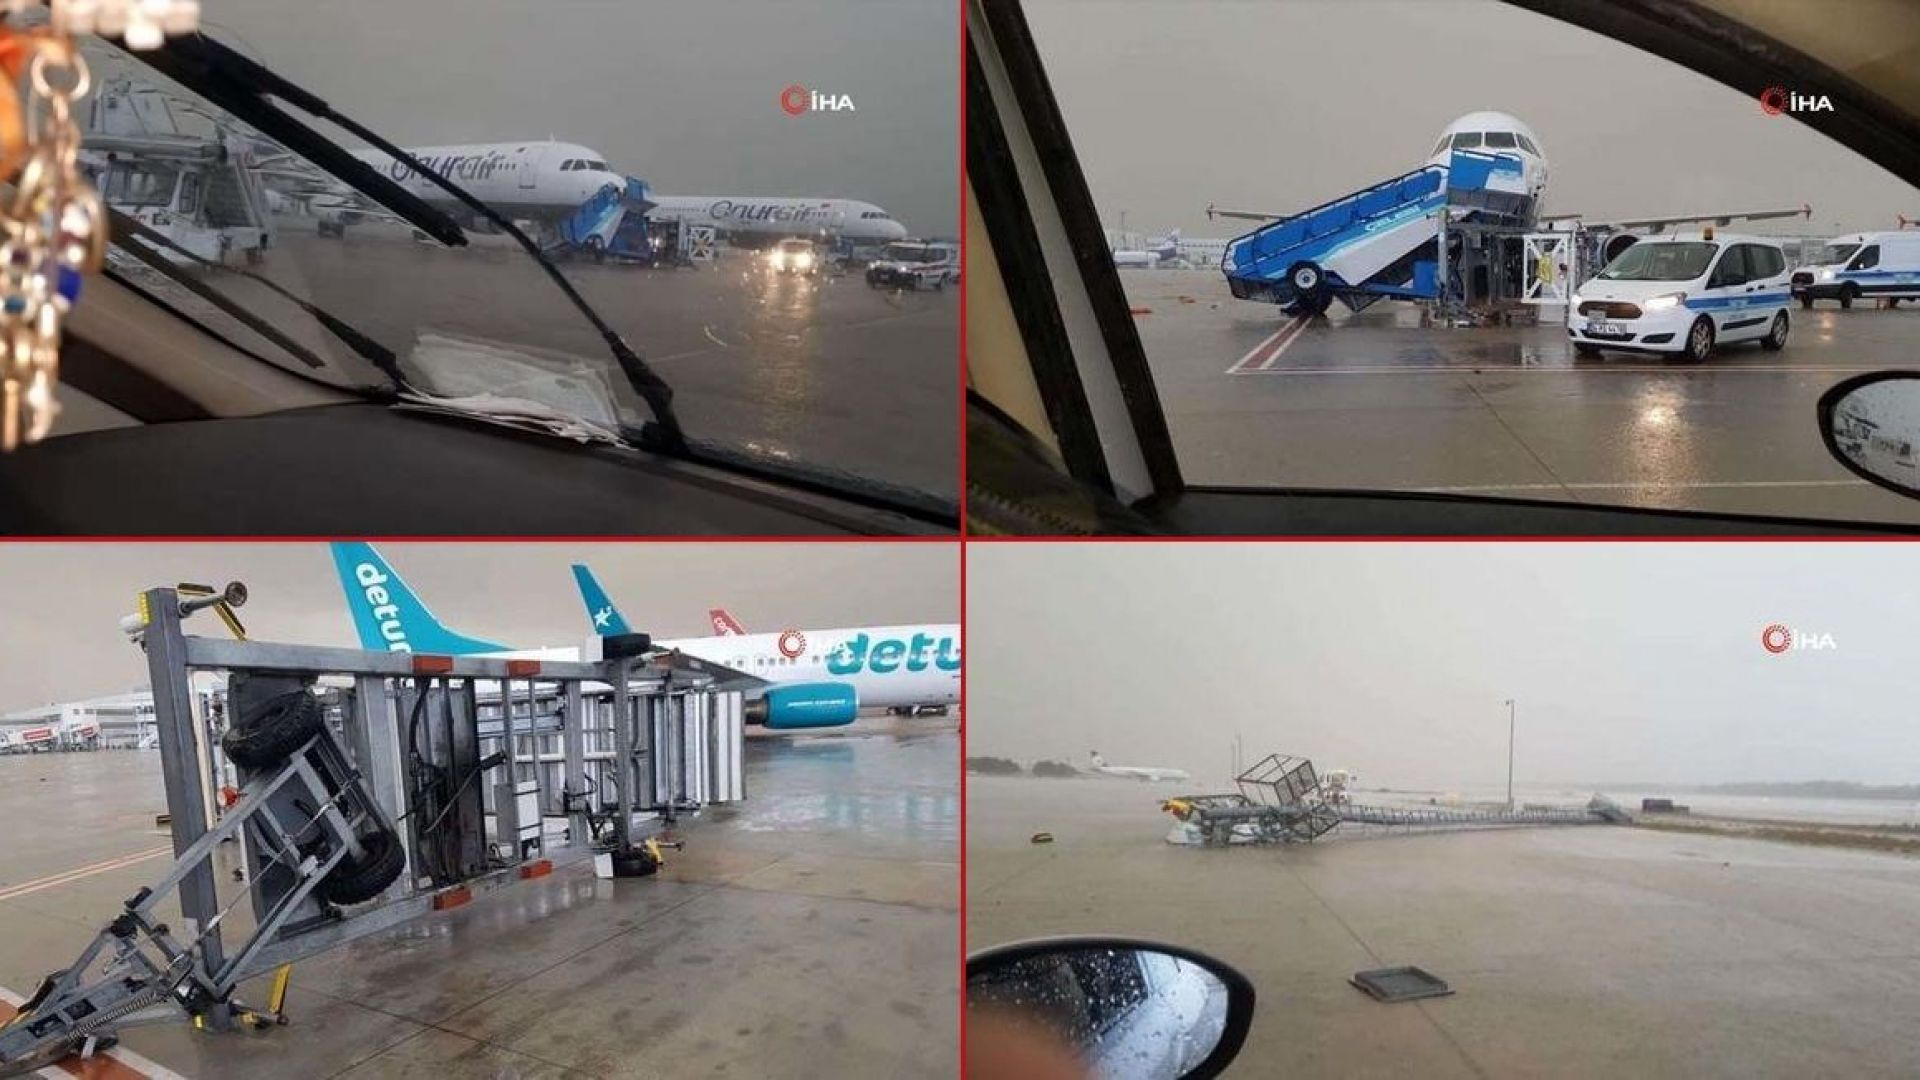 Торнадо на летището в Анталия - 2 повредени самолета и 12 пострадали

---

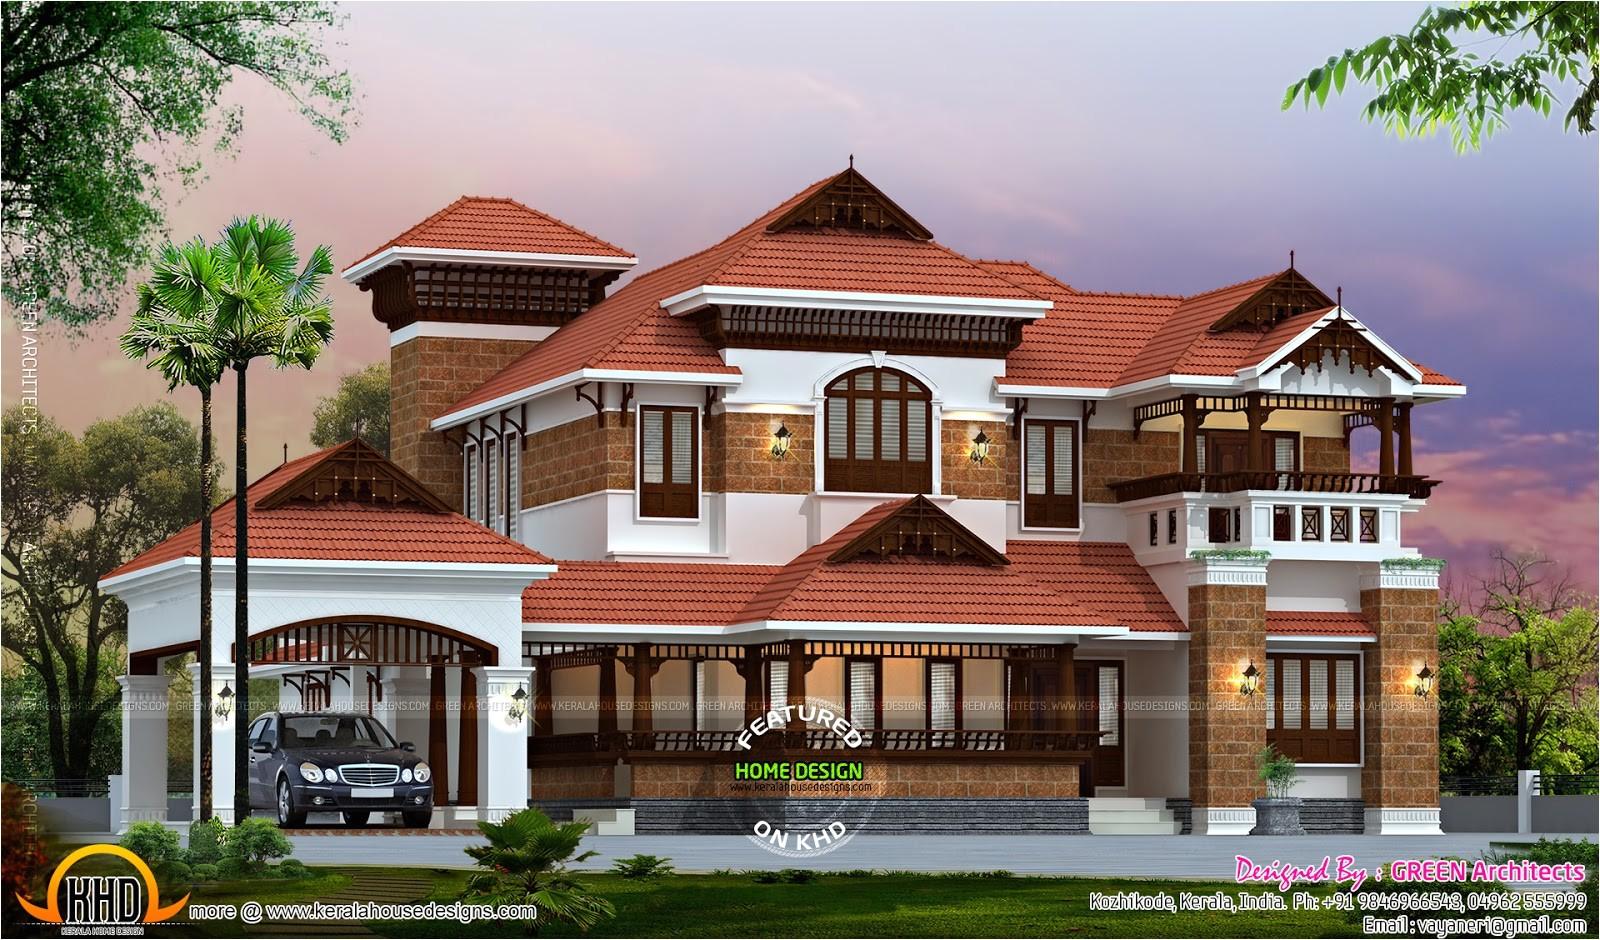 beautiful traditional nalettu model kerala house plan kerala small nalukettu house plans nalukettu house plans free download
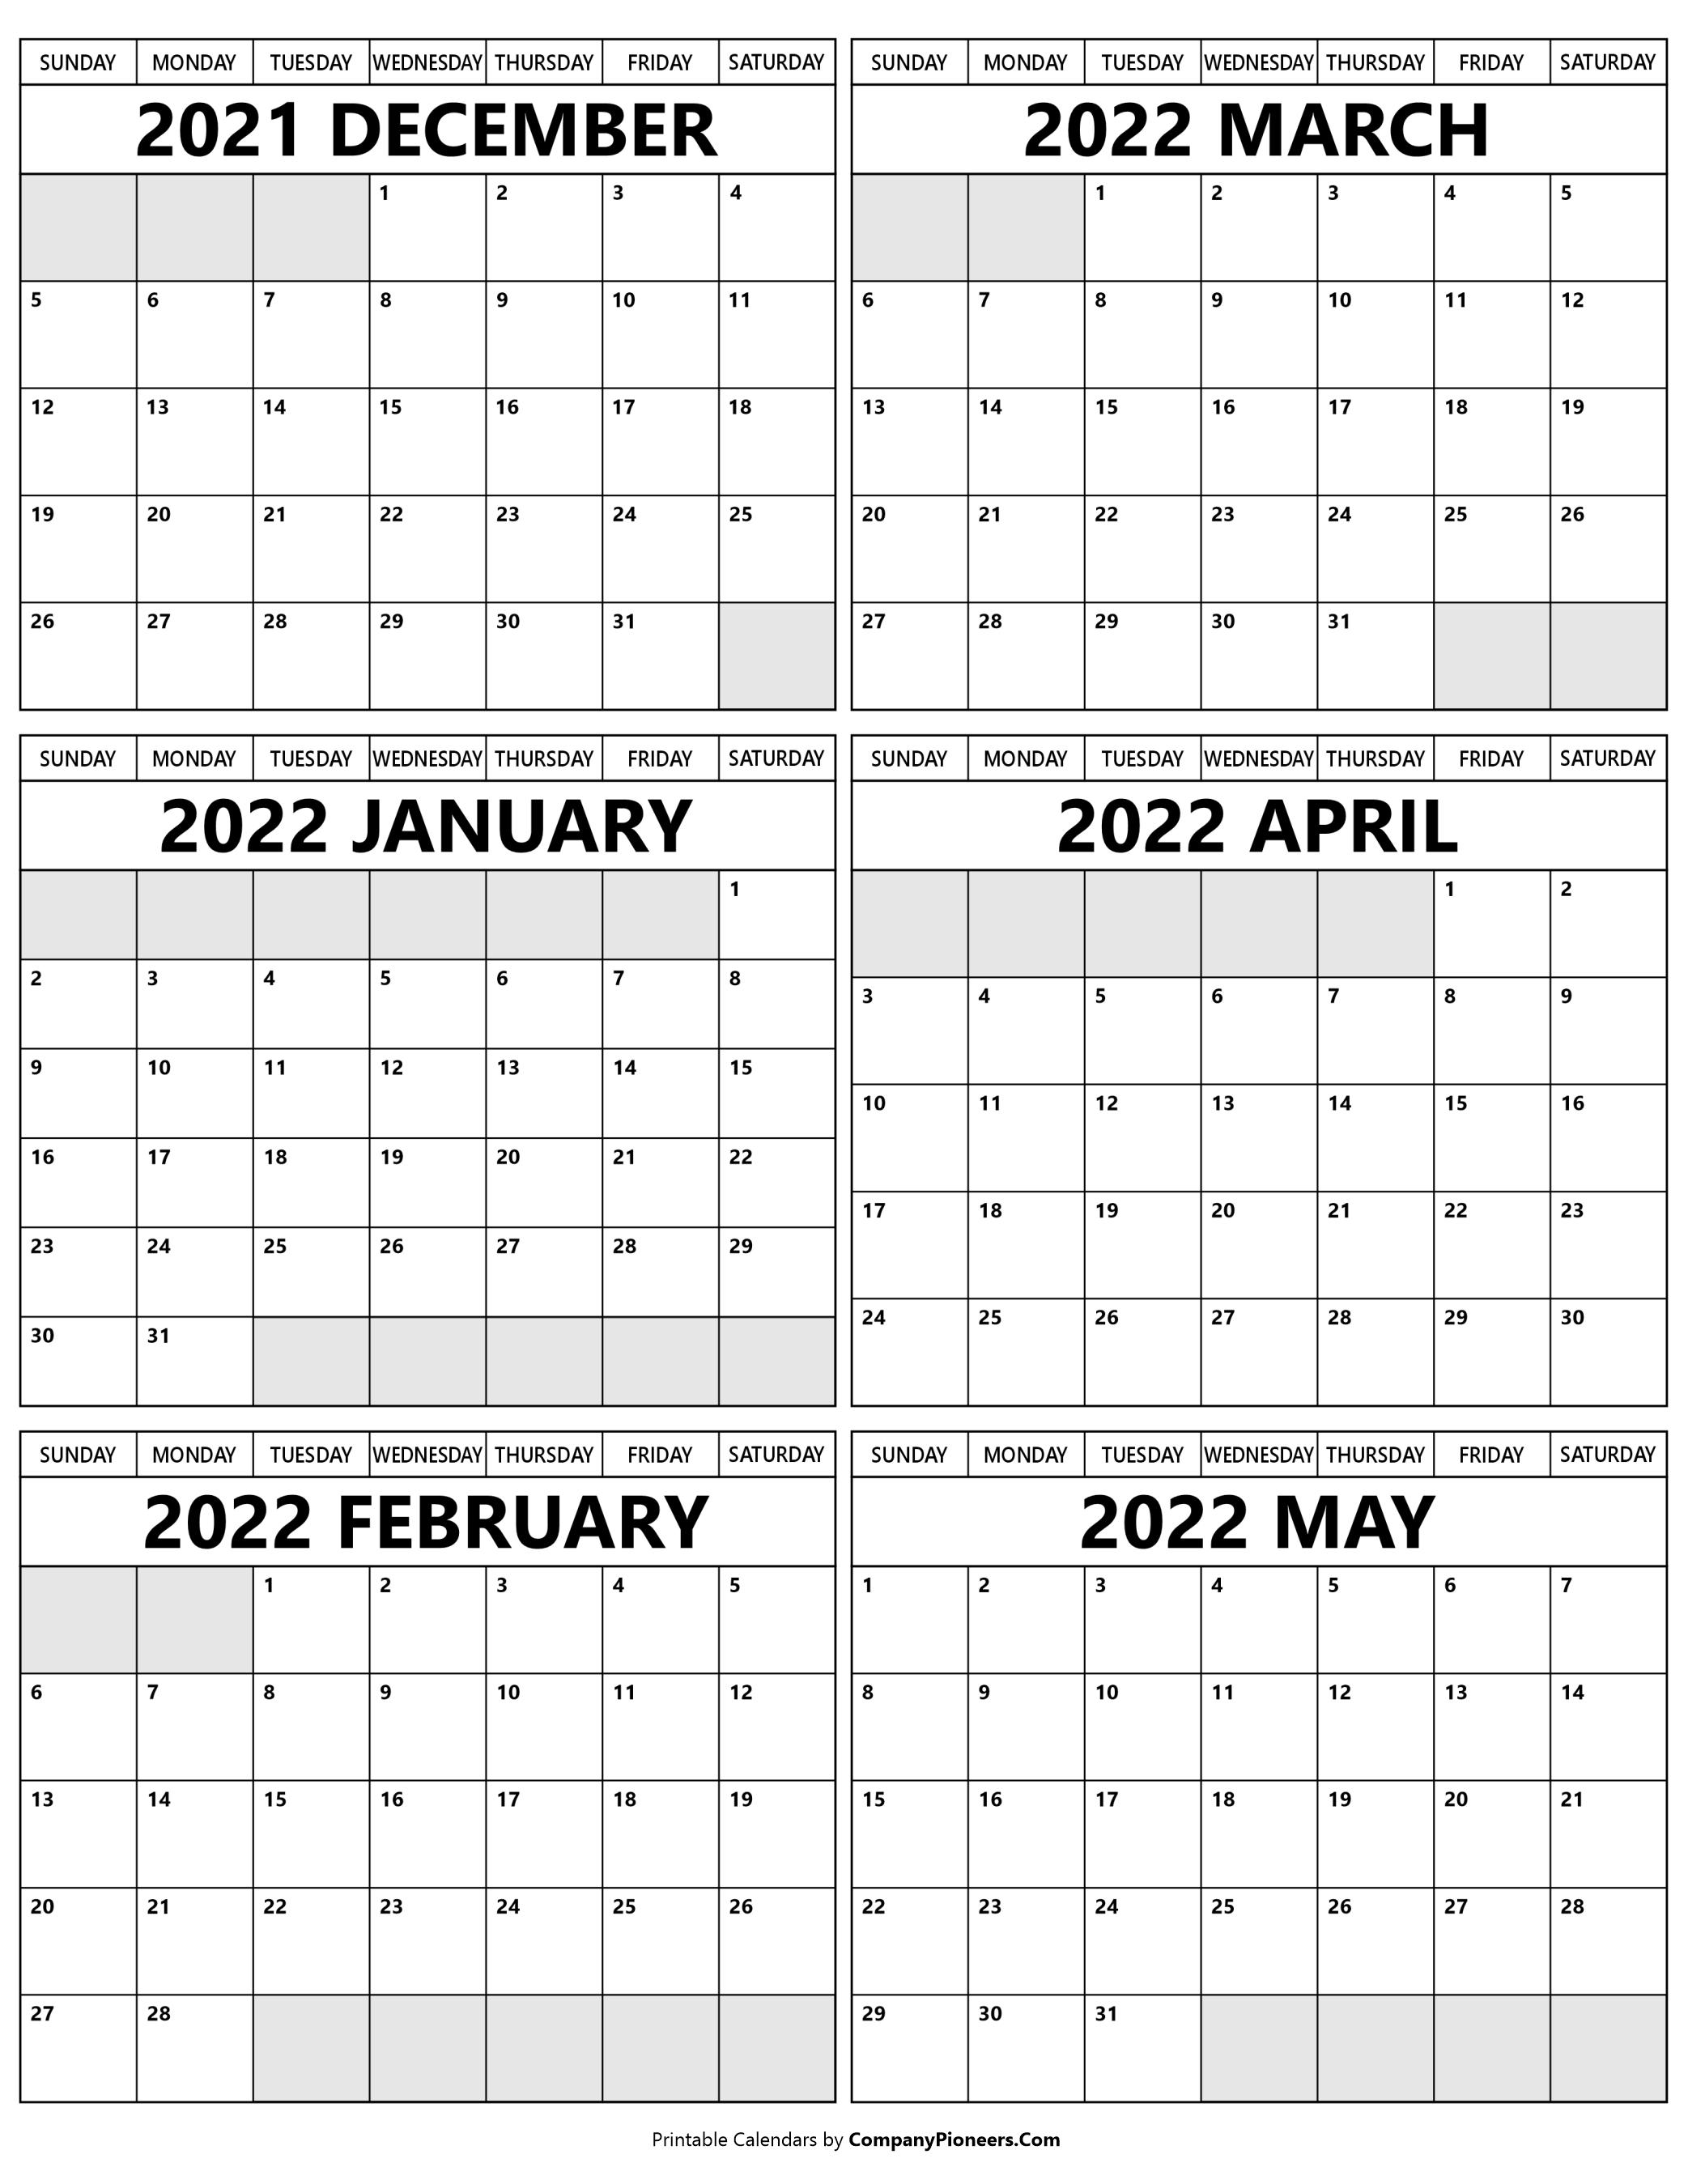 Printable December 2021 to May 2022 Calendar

◆ Exercise aim:
Above, find the line holding "beautiful traditional nalettu" and the line holding "Printable December 2021 to May 2022 Calendar". Print exactly those two lines and every line between them, but no pictures.

◆ Your solution:
 beautiful traditional nalettu model kerala house plan kerala small nalukettu house plans nalukettu house plans free download
 Printable December 2021 to May 2022 Calendar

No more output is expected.